The Chinese have as much right to the word as anyone else and maybe more so. In the nineteenth-century they called California “Gold Mountain,” and, while they hoped to strike it rich, they mostly didn't and were physically assaulted, a fairly common occurrence that Mark Twain described in print as a young journalist who was outraged by the behavior of white mobs. Anti Asian attacks still take place in the Bay Area. A badge of shame. My two nephews who live in these parts married Asian women and have children with Asian names and who look Asian. Not surprisingly, they’re worried.

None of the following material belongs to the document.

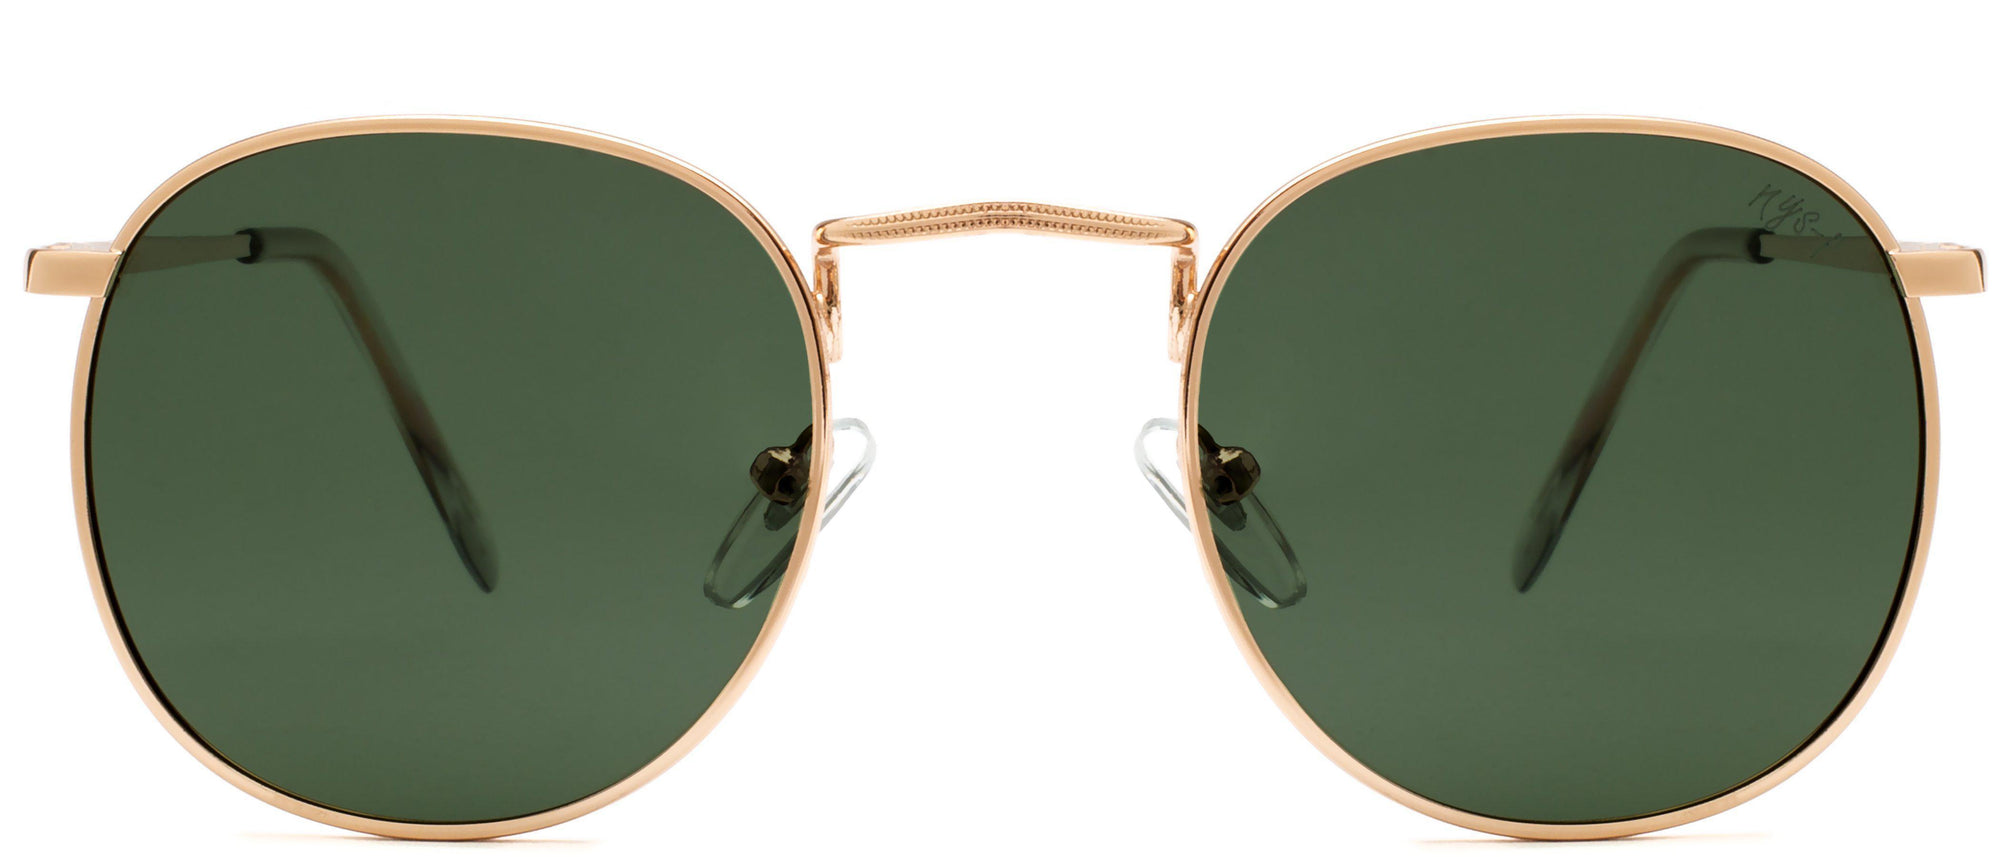 Elton Street Polarized - Sunglasses NYS Collection Eyewear Gold/Green

On a Sunday, at about two p.m. Pacific time, the clouds lifted, the sky turned blue and the sun shone brightly. I walked to the beach and watched the waves come in and go out. Pelicans flew in formation, barefoot joggers jogged, kites vied for a space above and kids played in the sand. Ocean Beach felt like a place I could love. What was especially striking to me as a fugitive from Sonoma County was the presence of African-Americans. The city wasn't all white, though real estate prices favored whites. By four p.m. the wind had blown the clouds to the East. The sun and the blue vanished and the white caps broke on the shore. It was another perfect San Francisco summer day. The French academic who felt sorry for me when I said I made California my home would surely feel sorry for me all over again.